I'm a bit stuck with this problem and I'm sorry if this sounds newbie, I havent had much practice with recurrence relations. My approach was to split the problem into two cases, we let $a_n$ denote all legal binary strings of length $n$
- Appending $1$ to the front of a string, this case is simple because no illegal strings can be made by appending $1$ in front of a legal string, so by appending $1$ to all legal strings of length $n-1$ we get $a_{n-1}$ legal strings.
- Appending $0$ to the front of a string, this is where I get stuck.

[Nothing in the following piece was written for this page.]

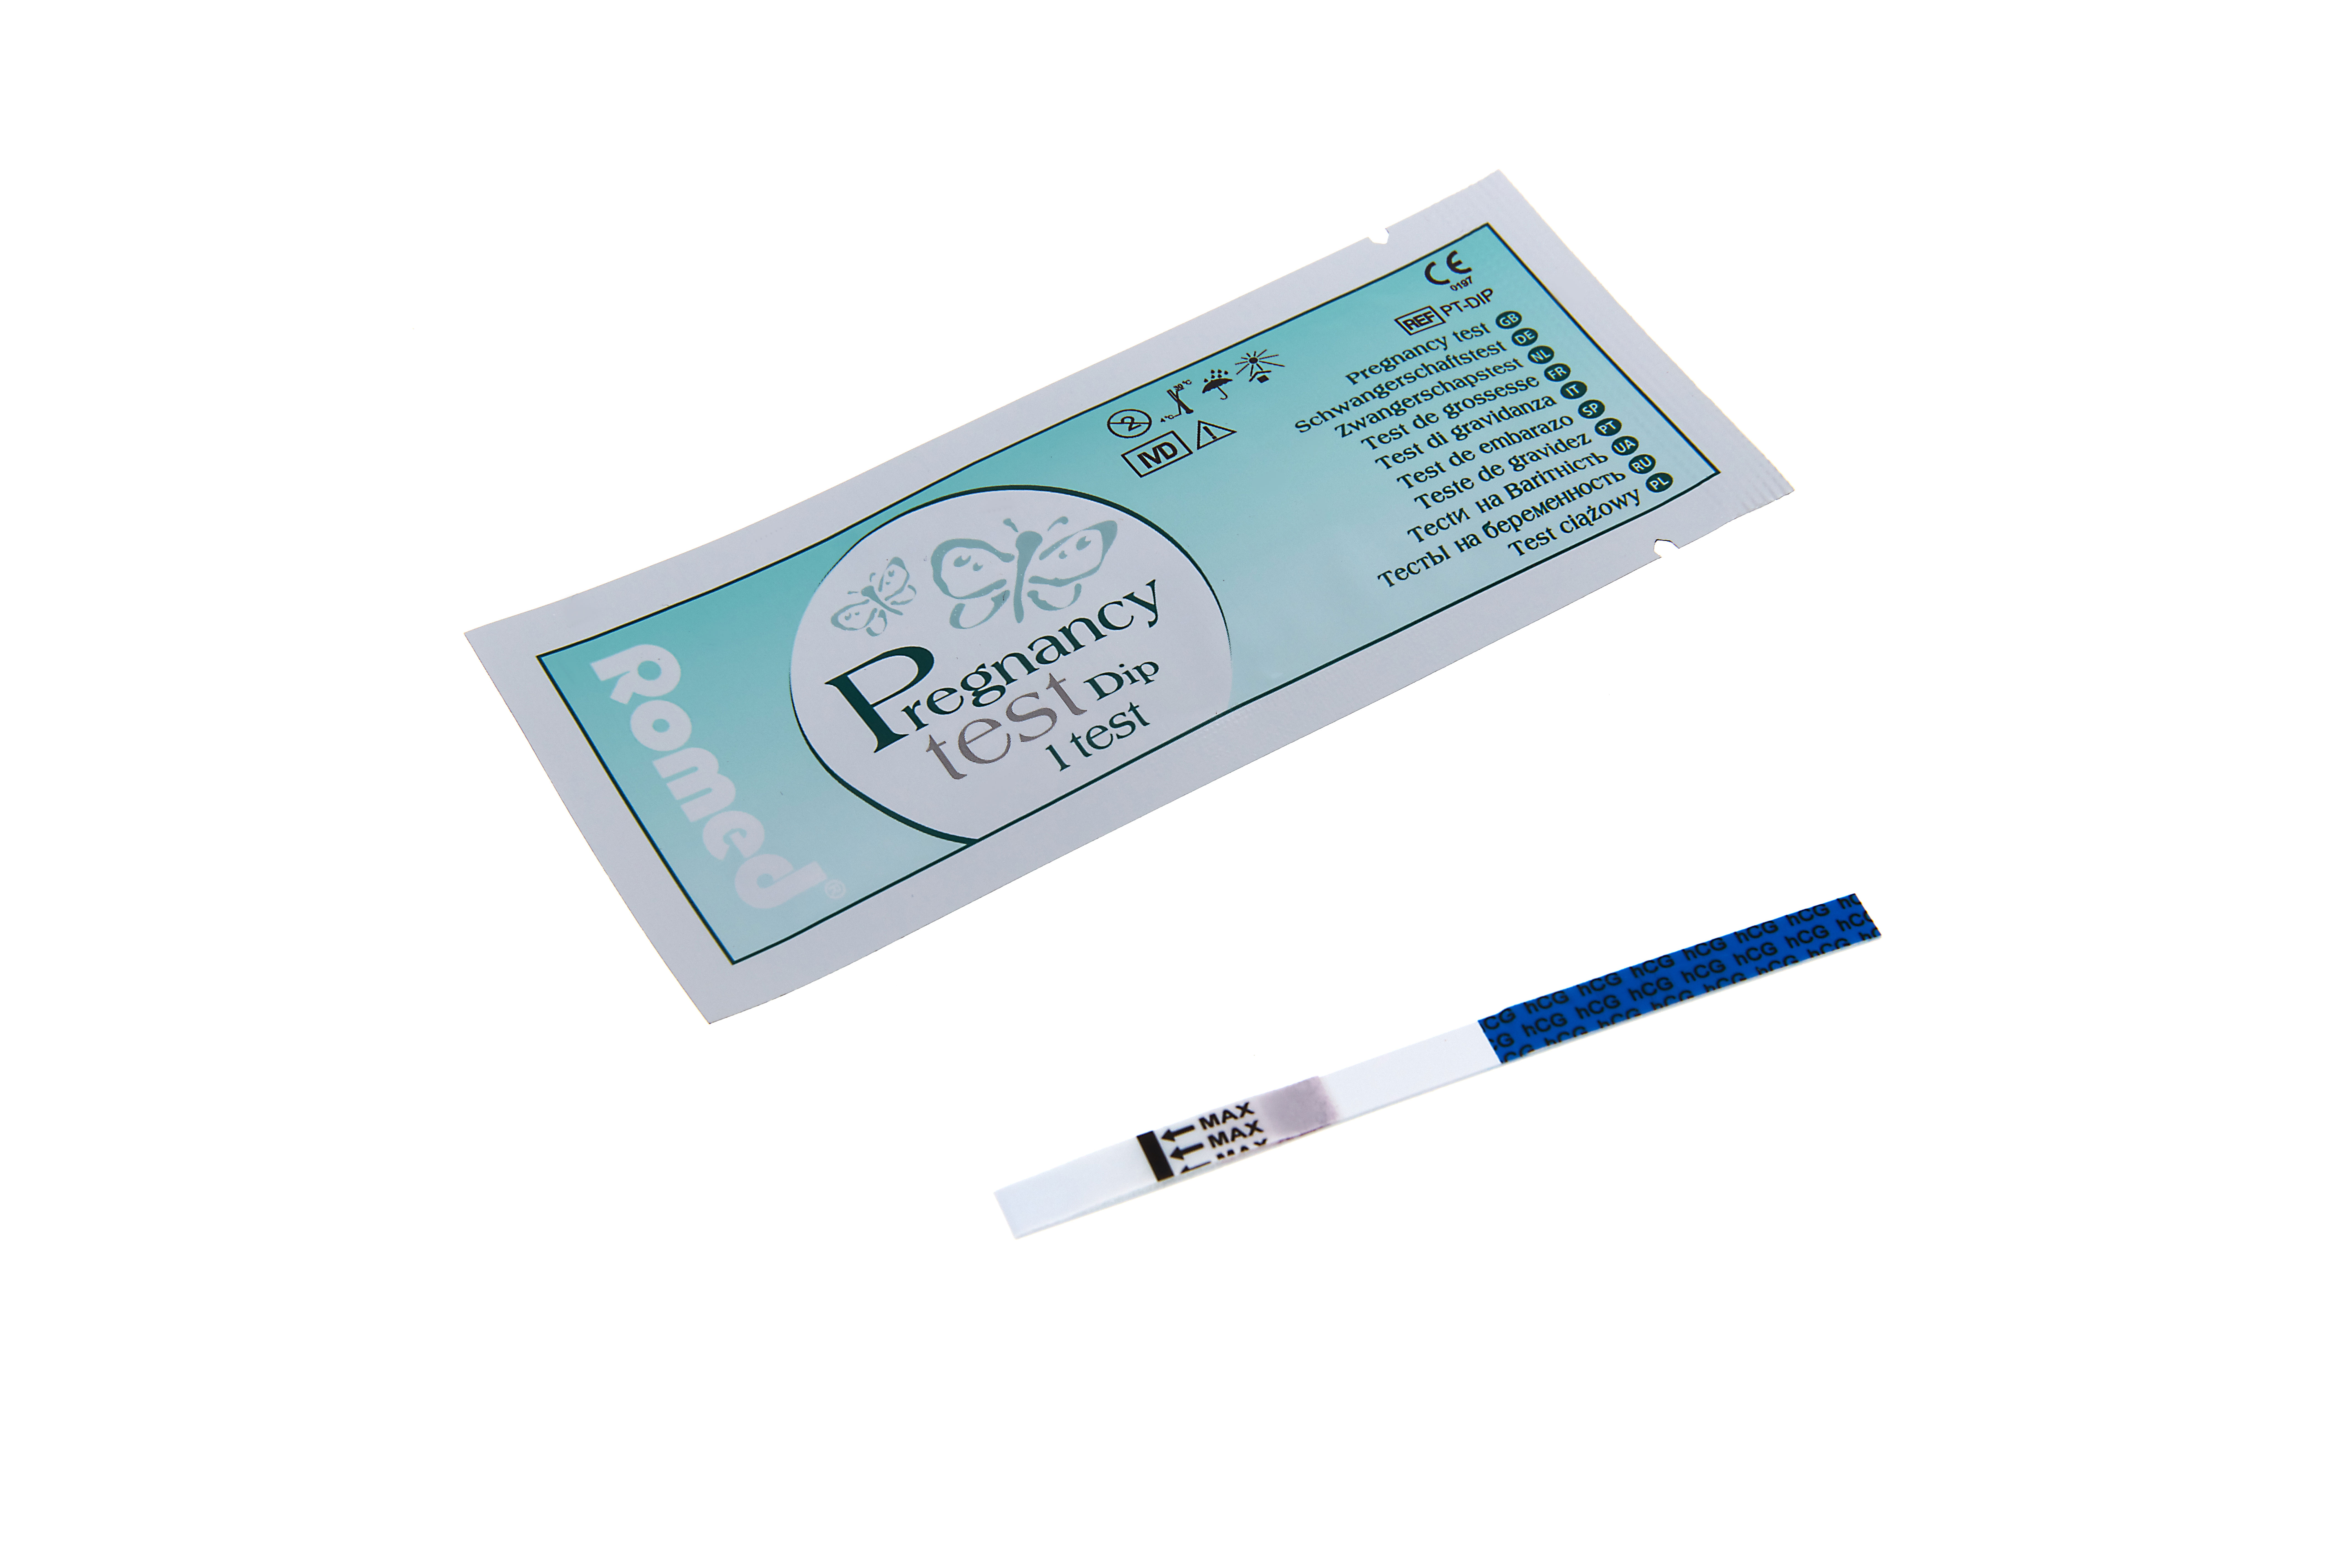 PT-DIP1000 Testes de gravidez Romed, teste de imersão, embalagem a granel, 1000 un. por caixa de envio.

My idea was to split the second case into even further cases so that each case would deal with the following prefixes: $00$, $01$, $10$ and $11$
The problem is that I can not find any good way to determine how many of each prefix occurs in the set of legal strings of length $n-1$. Any advice on this problem (or this subject in general) would be greatly appreciated since there is clearly something that I'm misunderstanding.
Best Answer
According to the paper (p.7) from Goulden and Jackson the generating function $f(s)$ is \begin{align*} f(s)=\frac{1}{1-ds-\text{weight}(\mathcal{C})}\tag{1} \end{align*} with $d=2$, the size of the alphabet and with the weight-numerator $\mathcal{C}$ with \begin{align*} \text{weight}(\mathcal{C})=\text{weight}(\mathcal{C}[000]) \end{align*} We calculate according to the paper \begin{align*} \text{weight}(\mathcal{C}[000])&=-\frac{s^3}{1+s+s^2}=-\frac{s^3(1-s)}{1-s^3} \end{align*}
Note: The entries in the sequence $(1,2,4,7,13,24,44,81,149,274,\ldots)$ are the so-called Tribonacci numbers stored as A000073 in OEIS.